恋愛の不可能性について (ちくま学芸文庫)

恋愛の不可能性について (ちくま学芸文庫)

絶対に零にはならない<他者>と自己の距離。

identity(固有名、あるいは自分が自分であること)と「愛」は類比できる。愛する理由を全てくまなく挙げ連ねることができないのと同様に、固有名も性質の記述には還元できない。愛は自己から他者へと向けられたものであるため、愛というものは自己と他者の差異性と同一性が等置されるような体験なのである。しかし、絶対に到達されえない差異性を持つがゆえに「他者」の存在がいて初めて「自己」は「自己」足りえる。また、固有名の指示する単一性は宇宙(存在者の全体よりなるクラス)の同一性に対応するが、愛の唯一性を他者に対して説くことはそれと矛盾する可能性を含意する。つまり、その唯一の愛はAにでもなりえたし、Bにでもなりえた、という風な具合だ。
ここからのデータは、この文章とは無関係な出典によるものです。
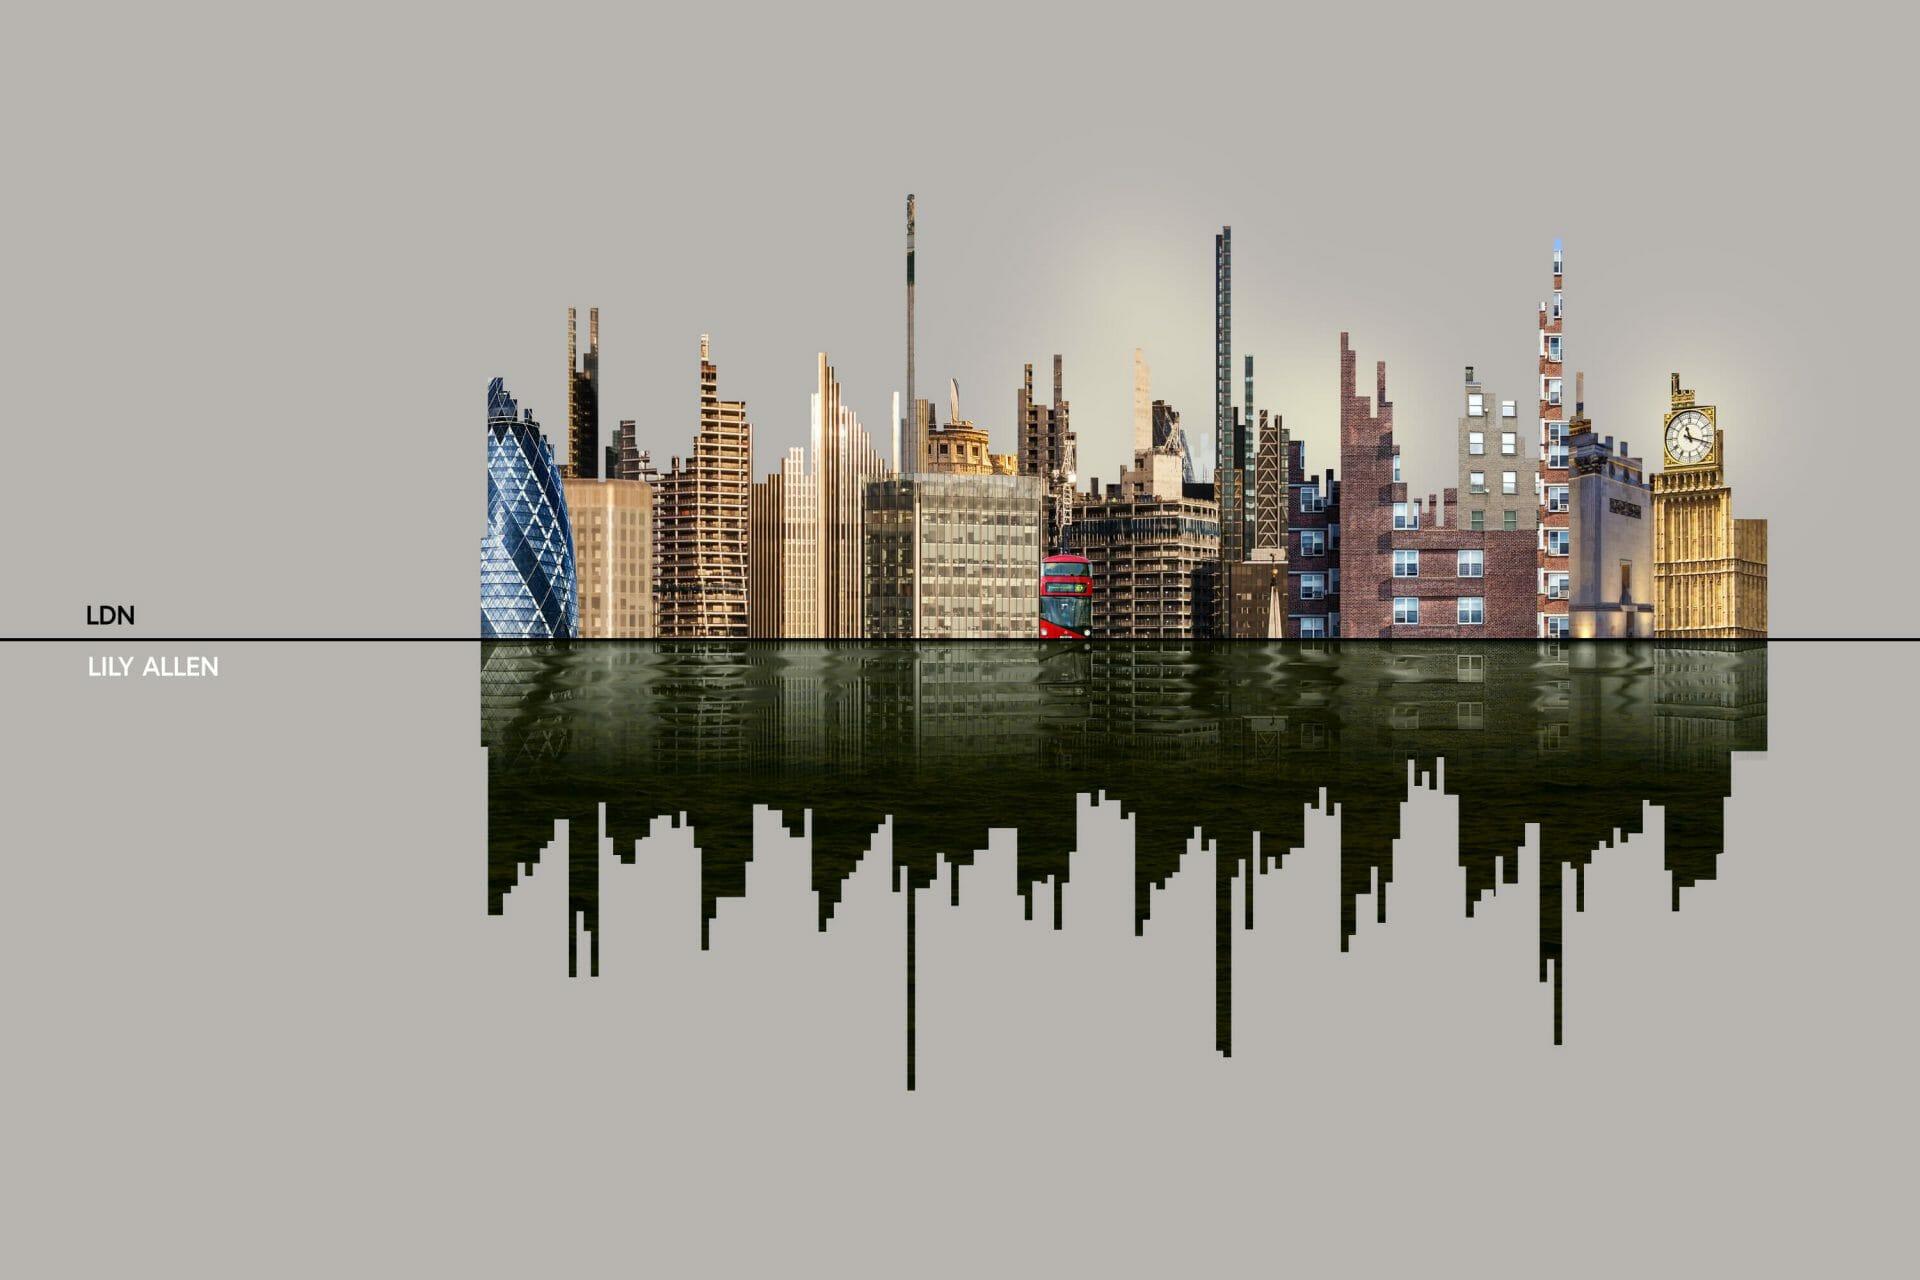 London waveform

というように、愛の持つ、「自己」=「他者」となりえるような体験がもつパラドクスに言及しつつ、言語哲学という類比を踏まえて「形式」を華麗に論じていく。「私」の唯一性は、「私」の否定=「私」と「他者」の差異性によって、成り立つしかありえない、といういわば「否定神学」的な、自己矛盾を孕んだ性質を、社会性に当てはめていくのは、刺激的だ。

この本において、大澤は、自己存在こそ本質的に社会性を持ちうる(他者とのかかわりでしか表現されえない)という「形式」を用いている。言語哲学のくだりや、自己や他者を包括する超越性の審級について(おそらく大澤独自の理論としてこれが根幹だろうが)は、はっきりと理解するに至らなかった。彼の博引傍証ぶりにも、そして数学的論考も、難しかった。「形式」を使って、宗教や社会を論じる試みに、「熱きもの」はないかもしれない。ここから何かが生み出される、というわけではないかもしれない。しかし、難解でありながら彼の論理をたどたどしく追っていくことは、教養を齧ろうとするものにとって多少ペダンティックであれ、むしろペダンティックな部分が快感でありもするのだ。